• [Task]:
In the entries that follow, the first line to write out is the one containing "Pulsante Start di", and the last is the one containing "Миниатюрные скульптуры-тотемы из". Reproduce that stretch exactly, with nothing before or after it.

══ Provided records

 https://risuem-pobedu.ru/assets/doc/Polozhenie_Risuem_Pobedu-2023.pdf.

════
══ Provided records

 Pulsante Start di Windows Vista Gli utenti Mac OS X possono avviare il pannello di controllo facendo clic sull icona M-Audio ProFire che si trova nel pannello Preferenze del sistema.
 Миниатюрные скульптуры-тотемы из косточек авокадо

════
══ Provided records

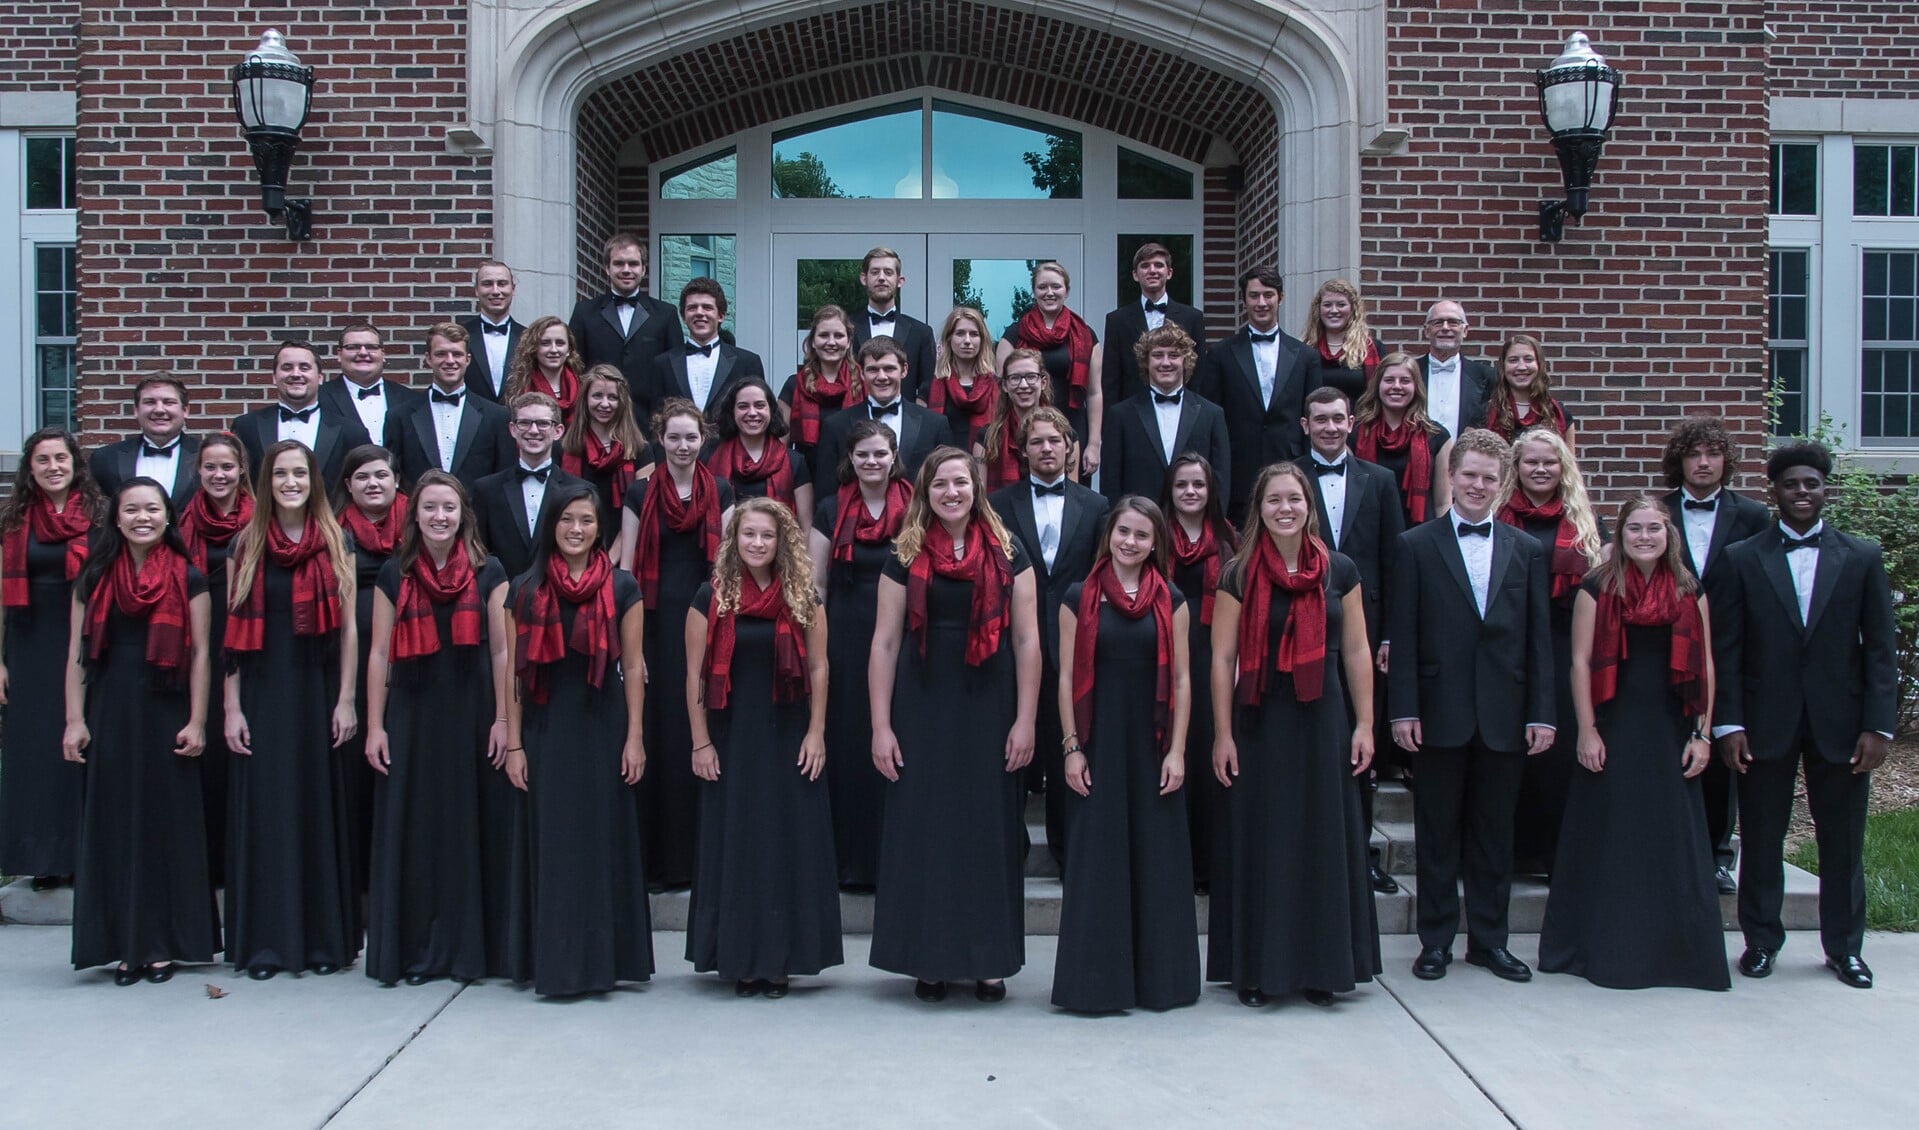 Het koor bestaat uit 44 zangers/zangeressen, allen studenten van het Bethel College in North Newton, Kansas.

════

• [Solution to the exercise]:
 Pulsante Start di Windows Vista Gli utenti Mac OS X possono avviare il pannello di controllo facendo clic sull icona M-Audio ProFire che si trova nel pannello Preferenze del sistema.
 Миниатюрные скульптуры-тотемы из косточек авокадо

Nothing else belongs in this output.